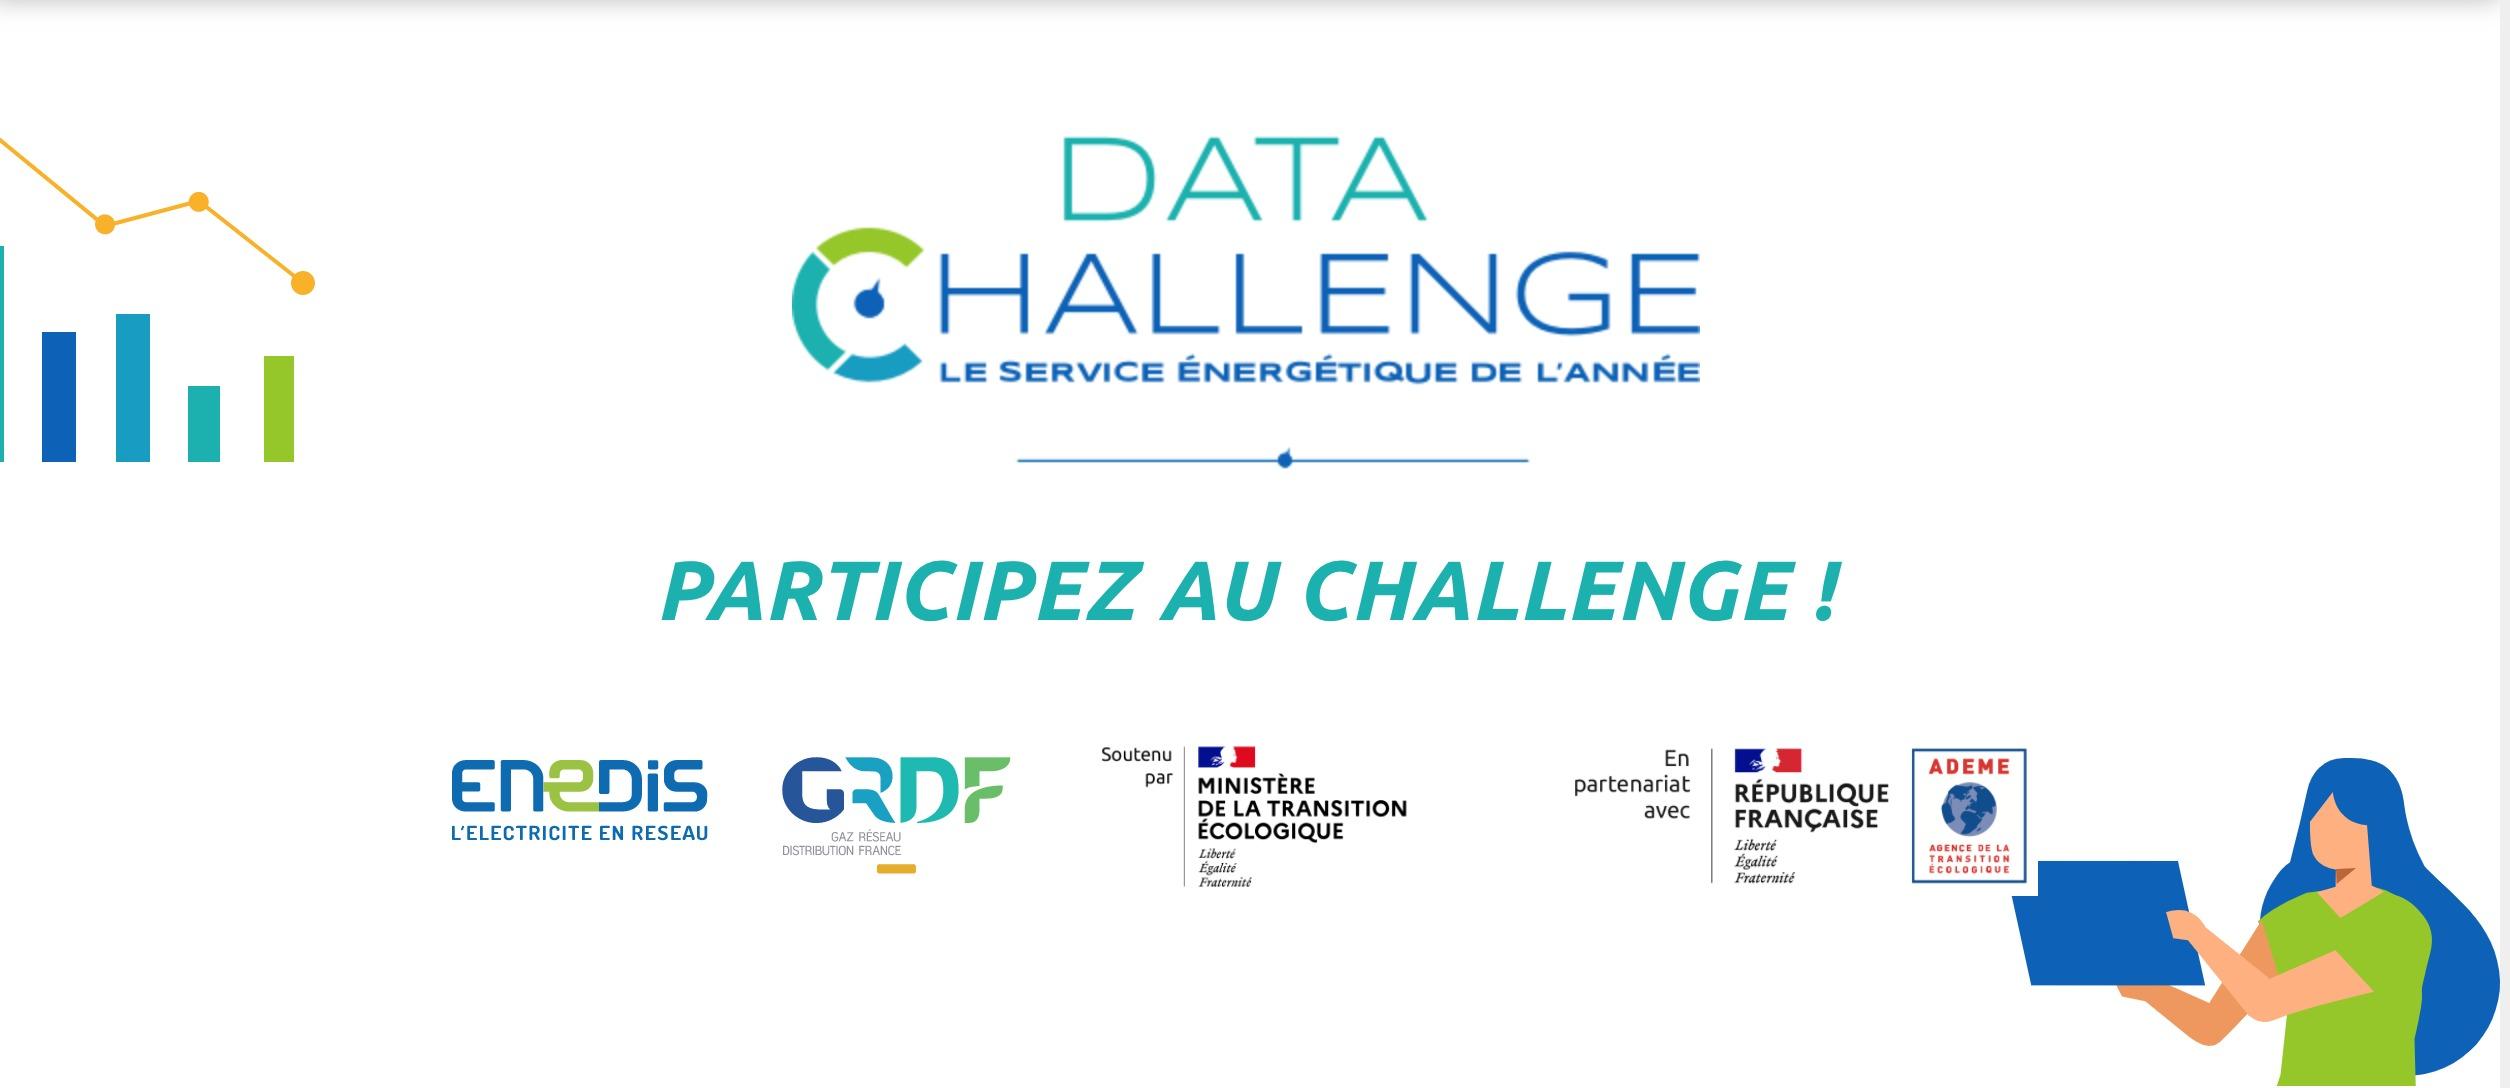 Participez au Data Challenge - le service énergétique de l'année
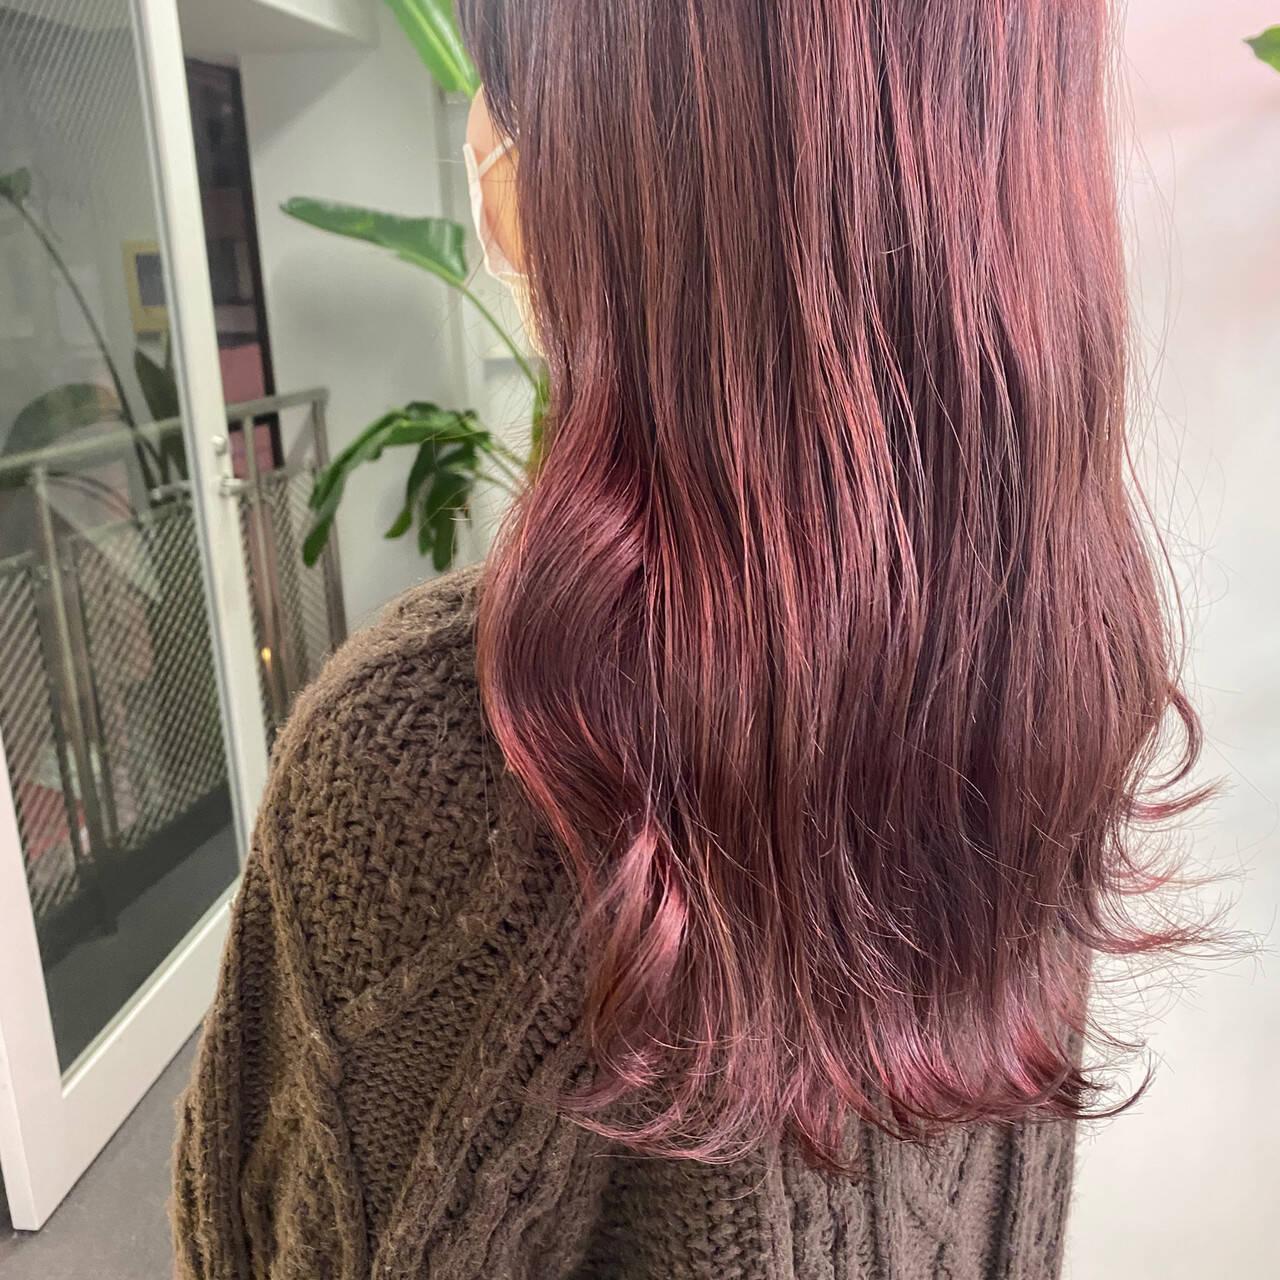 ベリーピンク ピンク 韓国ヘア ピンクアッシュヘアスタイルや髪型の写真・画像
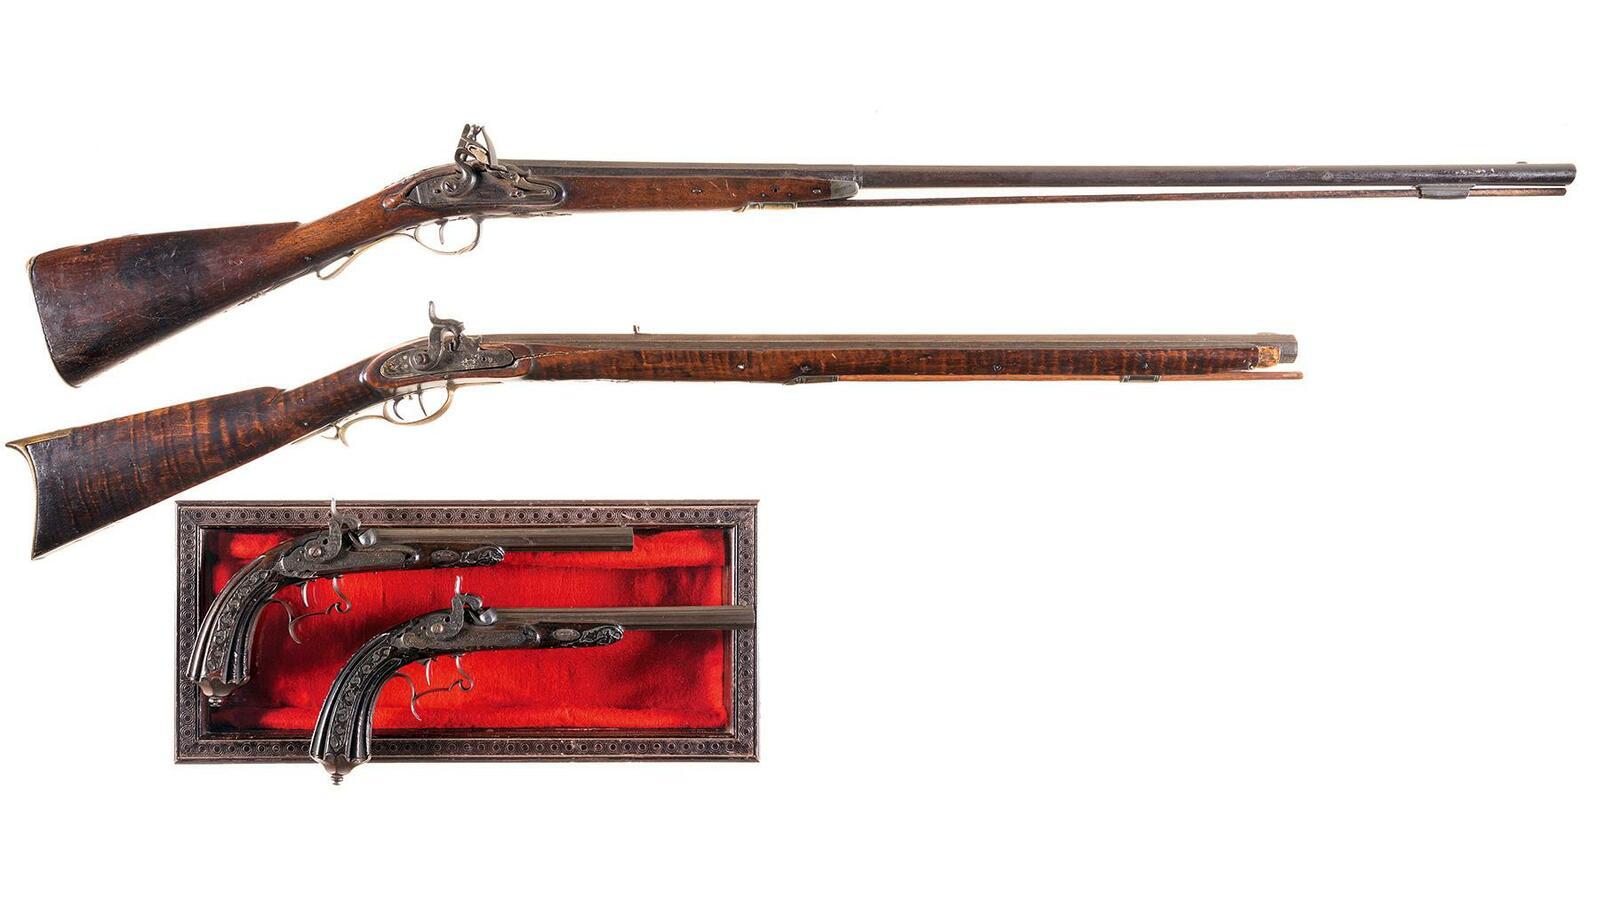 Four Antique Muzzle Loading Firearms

## Brief
Copy out the listing above exactly, and keep the pictures out of it.

## Exercise output
 Participez au Data Challenge - le service énergétique de l'année
 ベリーピンク ピンク 韓国ヘア ピンクアッシュヘアスタイルや髪型の写真・画像
 Four Antique Muzzle Loading Firearms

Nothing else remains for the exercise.